И вот здесь-то ее и поджидают опасности. Можно пойти туда, а можно свернуть совсем и совсем не туда. Так свернул и мой подзащитный. Это факт, это установлено судебным следствием, признано им самим, и юридического спора здесь нет. Шелестов заслуживает наказания. Речь идет об отношении к личности: как далеко зашла гниль? Захватила ли она основы личности или коснулась только ее поверхности? Этот вопрос, к моему удивлению, и не был поставлен представителем государственного обвинения.

Новый поклон в сторону прокурора, но уже без улыбки. И вообще усталость постепенно исчезала с лица адвоката, оно становилось сердитым, почти злым, и весь он как бы загорался скрытым боевым огнем.

– Я утверждаю второе: душа его не подернулась пеплом. Шелестов – не примитив, ему не просто нужны выпивка и деньги, а я хочу верить, что они ему вообще не нужны и низменные побуждения ему чужды. Я хочу верить, что Шелестов – это хаос, из которого рождается человек! Процесс этого рождения осложнился, и искривился, и затянулся, а он и вообще не укладывается и метрические сроки и не завершается с получением паспорта. Паспорт в кармане, а в голове дурь! Все не устроено, все не улажено и зыбко. Куда идти? За чем идти? К чему стремиться? Да и нужно ли стремиться? Не у всех ведь сводятся счеты с жизнью, и не у всех она получается по таблице умножения. Так и Шелестов. Он искал себя и не нашел и запутался в этих поисках. Он искал друзей и не нашел, а кого нашел, в тех ошибся. И вот они сидят перед нами – поникшие, жалкие, потому что за ними нет правды, нет дружбы, за ними нет чести и высоты тех идеалов и целей, которыми одухотворено все наше советское общество. Каждый из них имеет свой характер и свою судьбу, и дело суда оценить каждого из них. Я же говорю о своем подзащитном – Антоне Шелестове, шестнадцати лет от роду. При ясности наших больших общих дорог он начал петлять по глухим, болотным тропам, которые и привели его в трясину. Он заблудился, но не испортился. Я верю в него и призываю к этому вас, граждане судьи. Осудить ведь легче всего, и куда труднее поверить в человека и в его будущее! А потому я выражаю свое несогласие с требованием прокурора и прошу применить к моему подзащитному условную форму наказания. Дадим ему надежду – и выход!

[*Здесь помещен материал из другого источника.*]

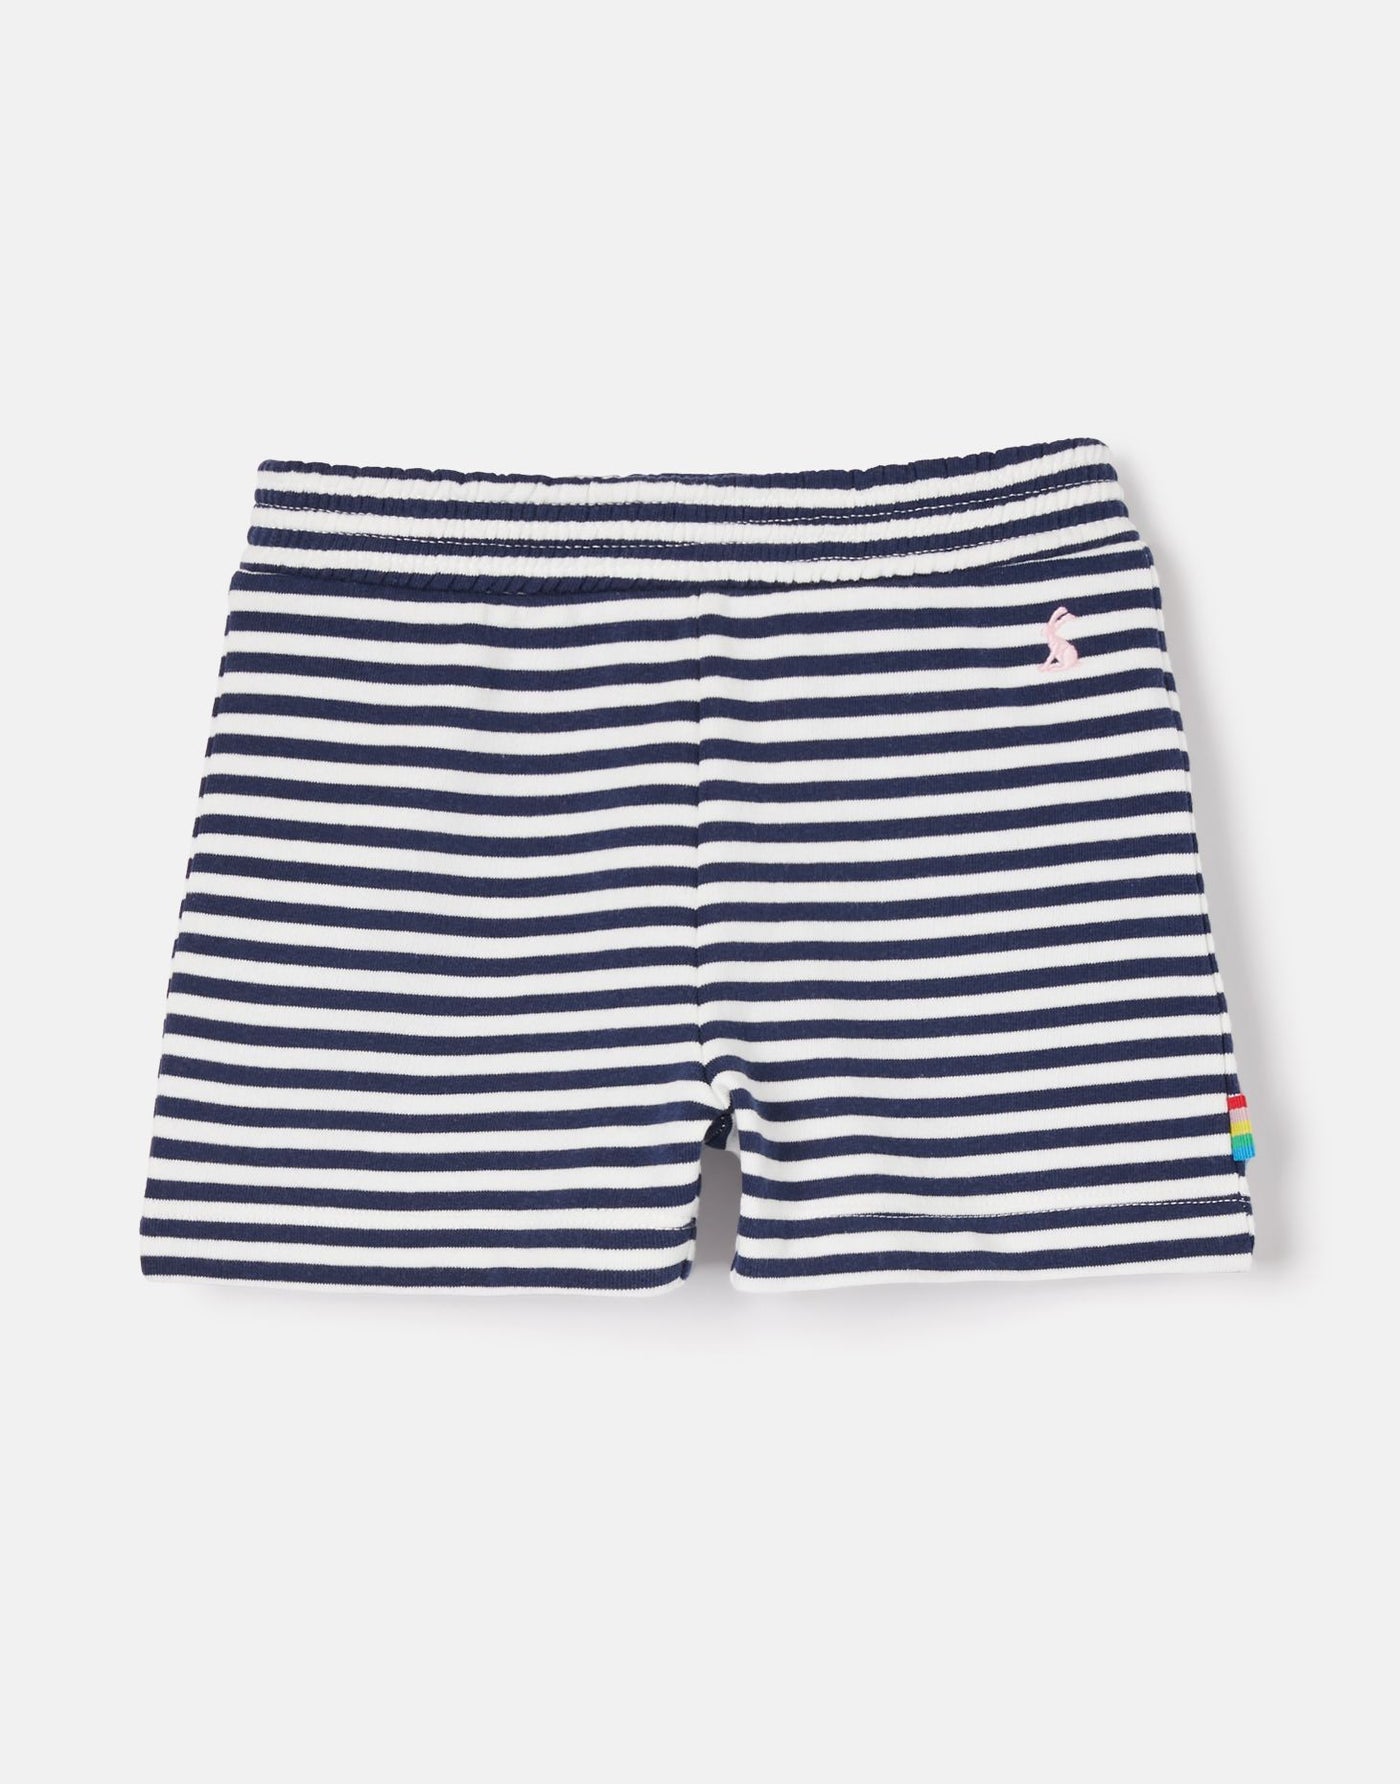 Kittiwake Striped Shorts

Не успела Нина Павловна в следующем перерыве пожать руку защитнику за его речь, как уже слышится возмущенная реплика:

– Адвокат-то распинается! Из бандита ангела пресветлого сделал, страстотерпца несчастного. Колокольчик нежный! Тьфу!

– Тыщи! – коротко отвечает на это чей-то другой голос, пренебрежительный.

Нина Павловна вспыхивает:

– Какие тыщи?

– Какие?.. Обыкновенные. Отвалила небось ему без счета, вот и старается.

Хмурый человек холодными глазами смотрит на нее.

– А как же тогда защищать можно? Родители в довольстве живут, с квартирами, с дачами, а сынок грабить идет. Сами от народа отшатнулись и своего сына паразитом сделали.

Нина Павловна не то со смущением, не то с возмущением резко повернулась и пошла, но и спиною своею чувствовала холодные, как ледышки, глаза хмурого человека.

А разговоры вспыхивают то здесь, то там, а когда суд удалился в совещательную комнату, они, в ожидании приговора, разгораются в целые дискуссии.

– Ну что им нужно было? – слышится в углу беспокойный, взволнованный голос. – Ничего не понимаю!

– А что тут непонятного? – отвечает с соседнего диванчика другой. – Сказано – пережитки капитализма.

– «Пережитки, пережитки»! – еще больше волнуется первый. – Вот и будем твердить, потому что сказано! А почему живут эти пережитки? И сколько они будут жить? Почему носителями этих пережитков оказываются самые молодые, у которых и родители выросли в наше, советское время? Они учились в наших школах, читали нашу литературу, слушали радио, они были членами нашего общества, почему же все это прошло мимо них? 0б этом думать нужно!

– Гуманности много! – ответил третий голос, на этот раз недовольный и злой.

– Как это – гуманности много?

– Очень просто. Ну вот посадят их, всю эту шушеру, что сейчас из-за загородки, как телята, выглядывают. А вы думаете, они долго отсидят? Там зачеты, перезачеты, амнистии-разамнистии. Раз-два – и готово, здрасте-пожалуйста, принимайте гостей – выпустили!

– Ну, значит, так надо, если выпустила. Там на это начальство есть.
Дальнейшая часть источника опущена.